Is that what you meant I should do next?

No, the right-hand side is wrong.. We have $\sin(2^{k+1}x)=\sin(2\cdot2^kx)=2\sin(2^kx)\cos(2^ kx)$ .

**BobRoss** · September 23rd 2012, 12:47 PM

Originally Posted by emakarov

No, the right-hand side is wrong.. We have $\sin(2^{k+1}x)=\sin(2\cdot2^kx)=2\sin(2^kx)\cos(2^ kx)$ .

Why does $\sin(2^{k+1}x)=\sin(2\cdot2^kx)$

?

**DIOGYK** · September 23rd 2012, 12:59 PM

Originally Posted by BobRoss

Why does $\sin(2^{k+1}x)=\sin(2\cdot2^kx)$

?

For example:
$a^2*a^3=a^{2+3}=a^{5}.$ .
Similarly,
$\sin(2^1*2^kx)=\sin(2^{k+1}x)$

**BobRoss** · September 23rd 2012, 03:04 PM

Oh okay that makes sense. Then I can do the same thing with the term $2^{k+1}sinx$ to get $2 \cdot 2^{k}sinx$ And doing that makes the left side equal the right side, and that proves the equation, correct?

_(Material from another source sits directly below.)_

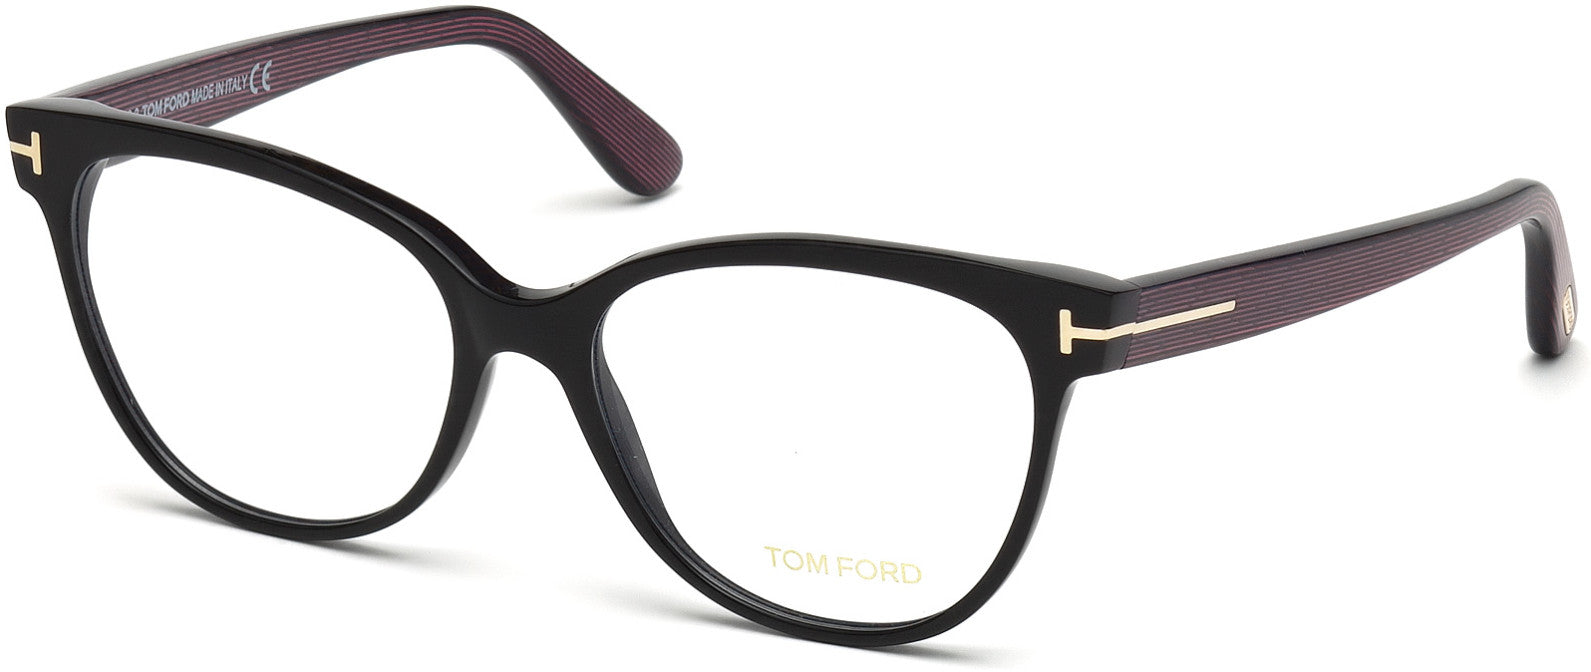 Tom Ford FT5291 Cat Eyeglasses 005-005 - Shiny Black, Iridescent Chalkstripe Blue-Violet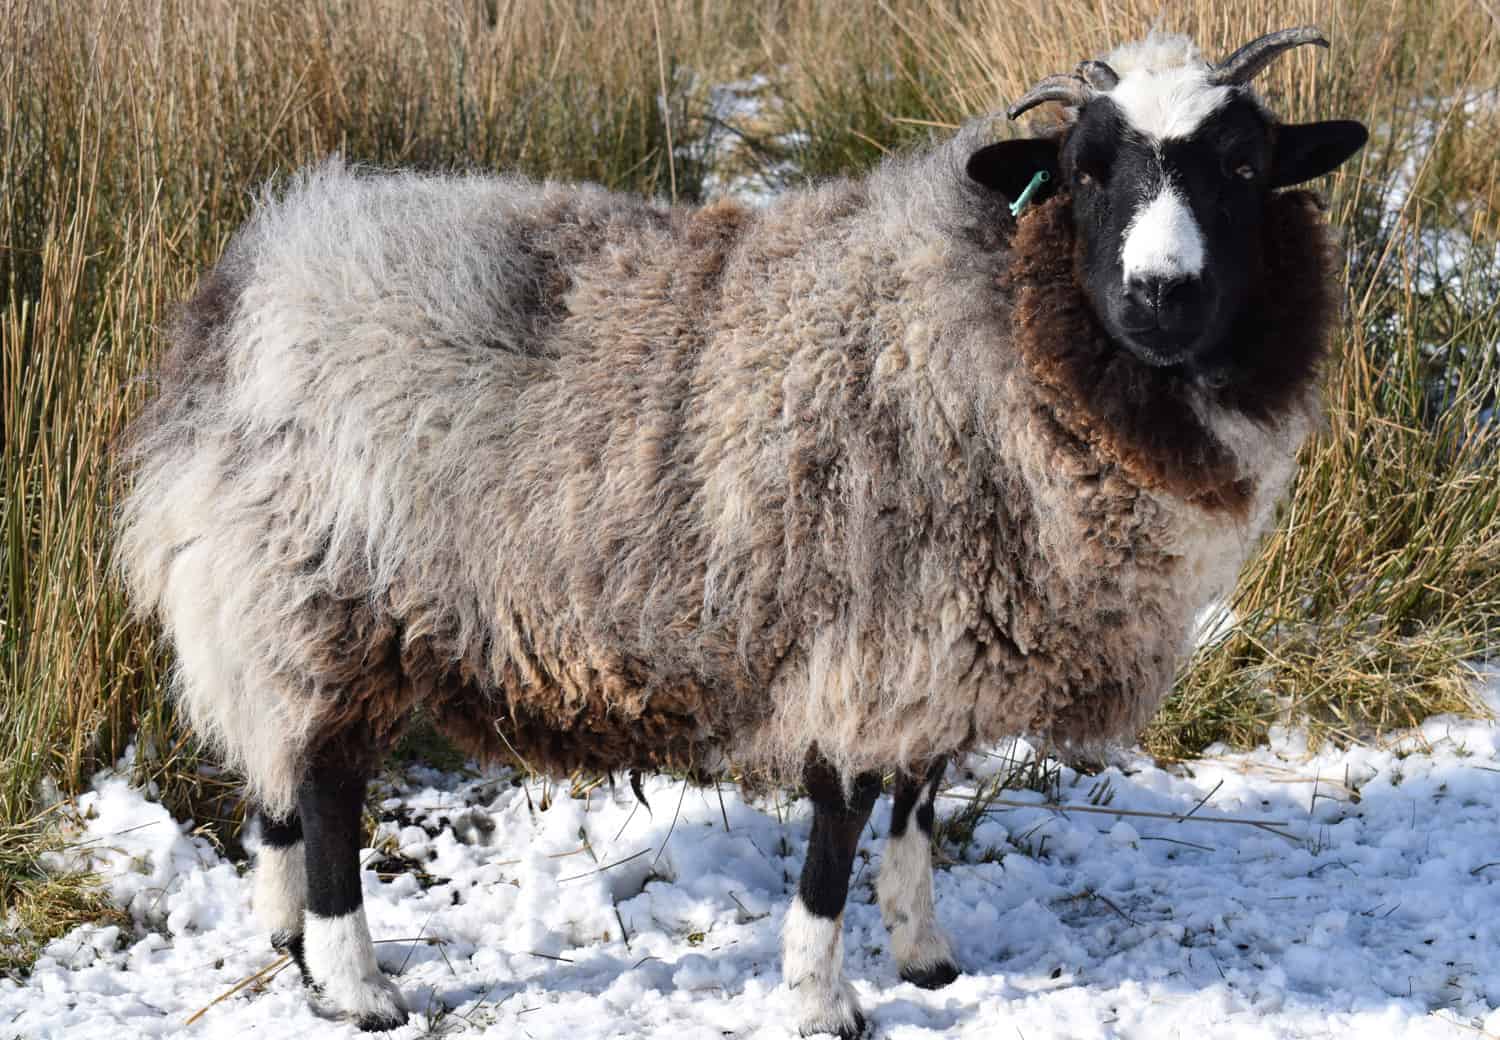 Holly snow pet lamb sheep jacob cross shetland spotted black grey white wales gwynedd british wool gifts homeware

**emakarov** · September 23rd 2012, 10:16 PM

Originally Posted by BobRoss

Oh okay that makes sense. Then I can do the same thing with the term $2^{k+1}sinx$ to get $2 \cdot 2^{k}sinx$ And doing that makes the left side equal the right side, and that proves the equation, correct?

Yes.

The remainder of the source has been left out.